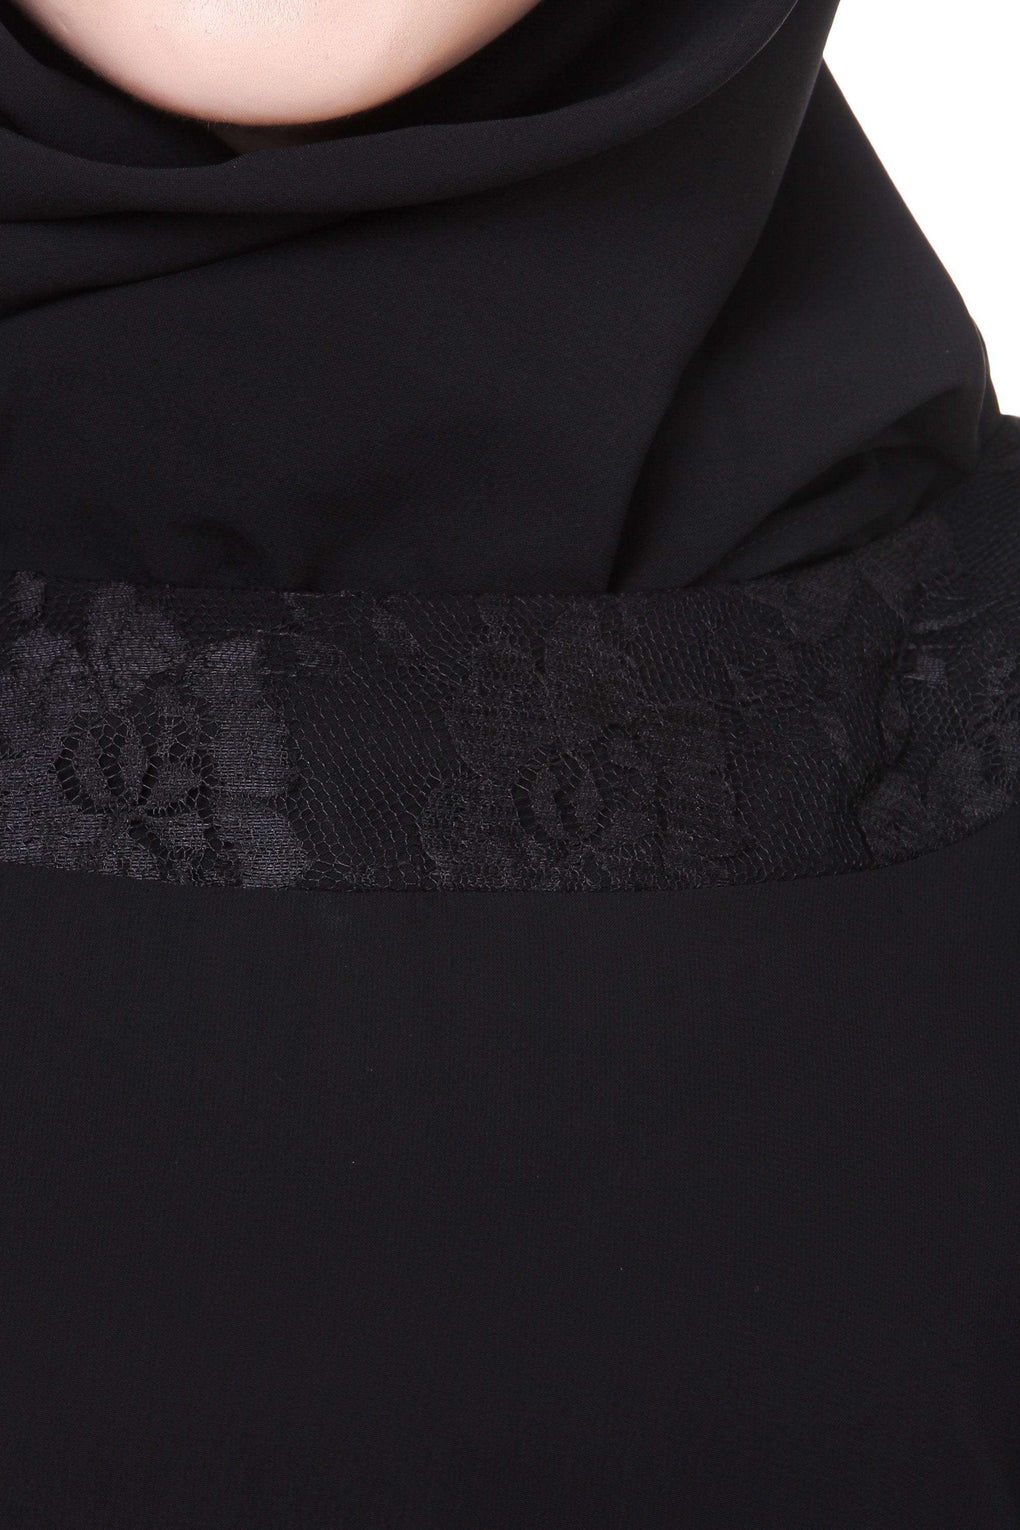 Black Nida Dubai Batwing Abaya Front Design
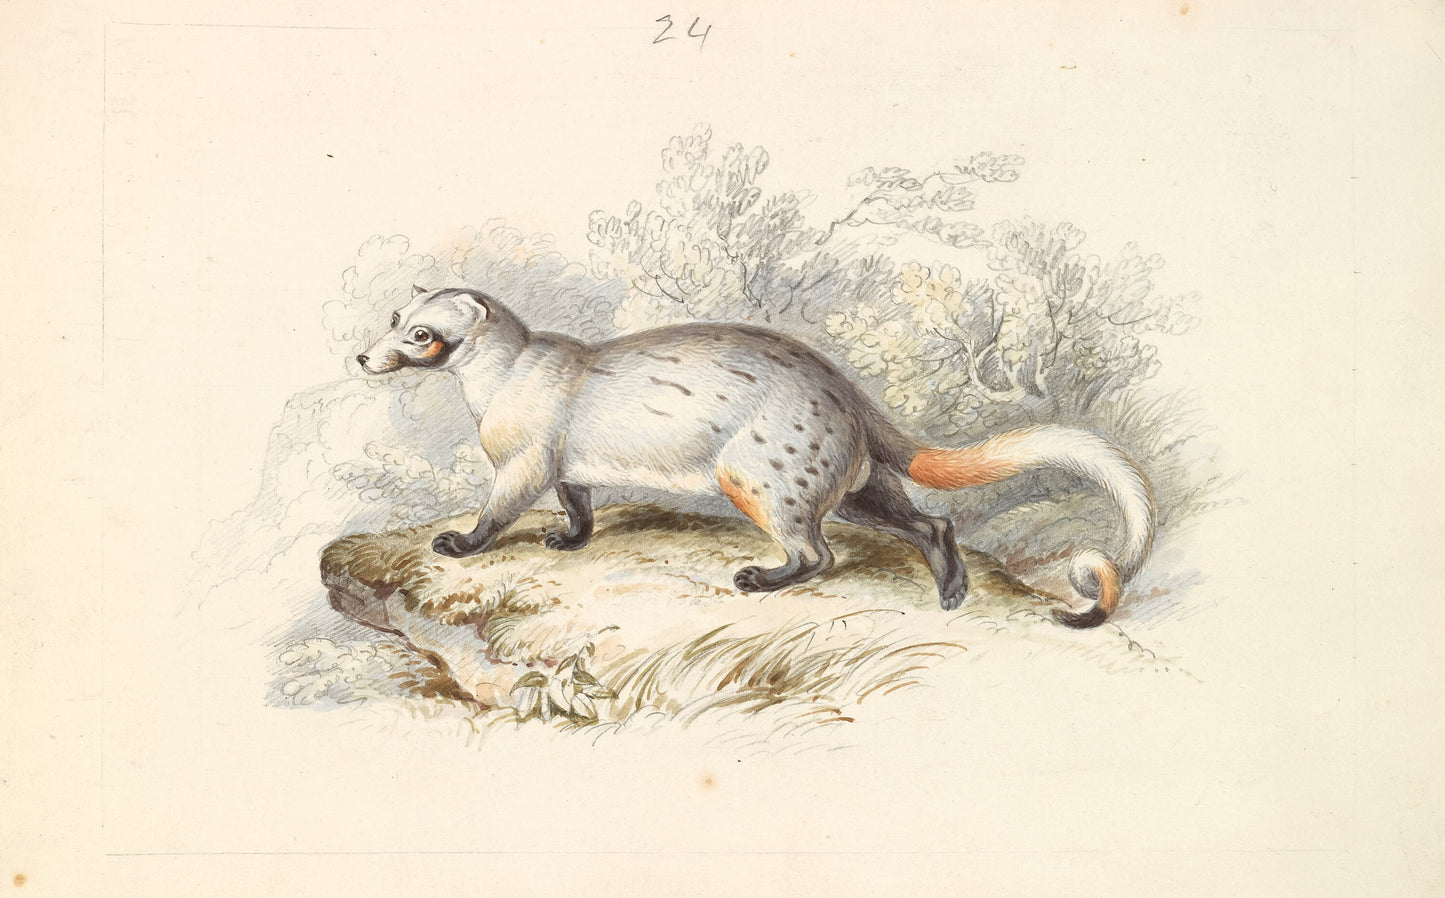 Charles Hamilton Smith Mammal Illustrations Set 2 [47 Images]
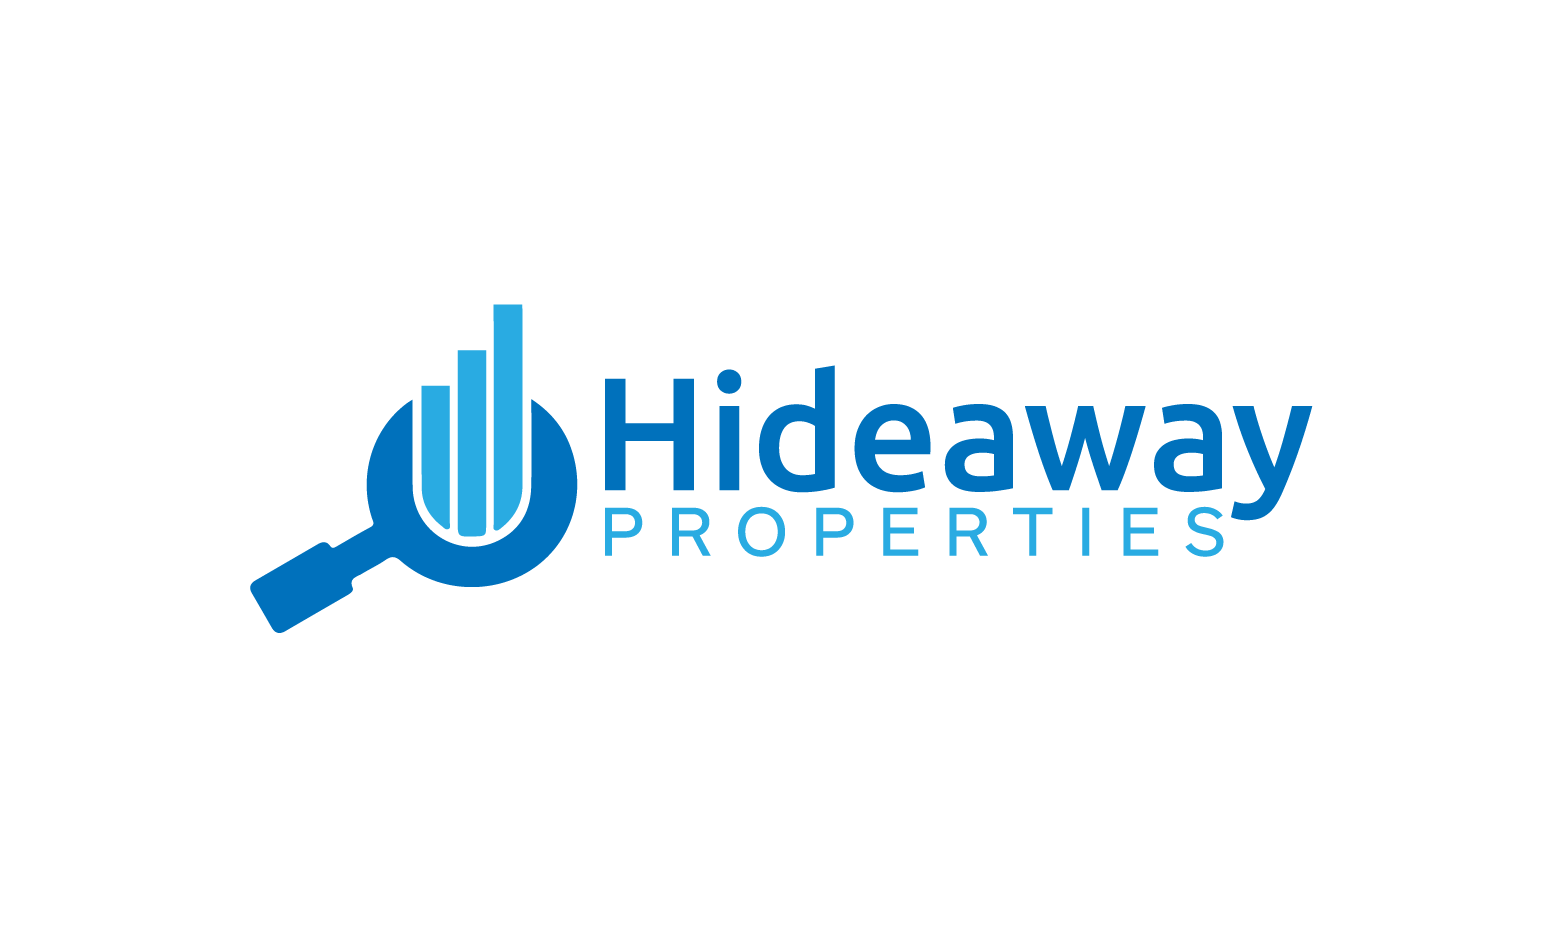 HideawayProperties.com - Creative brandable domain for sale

[Task objective] Reproduce the whole listing above word for word, but not its pictures.

[Reply to the exercise]
 Black Nida Dubai Batwing Abaya Front Design
 Charles Hamilton Smith Mammal Illustrations Set 2 [47 Images]
 HideawayProperties.com - Creative brandable domain for sale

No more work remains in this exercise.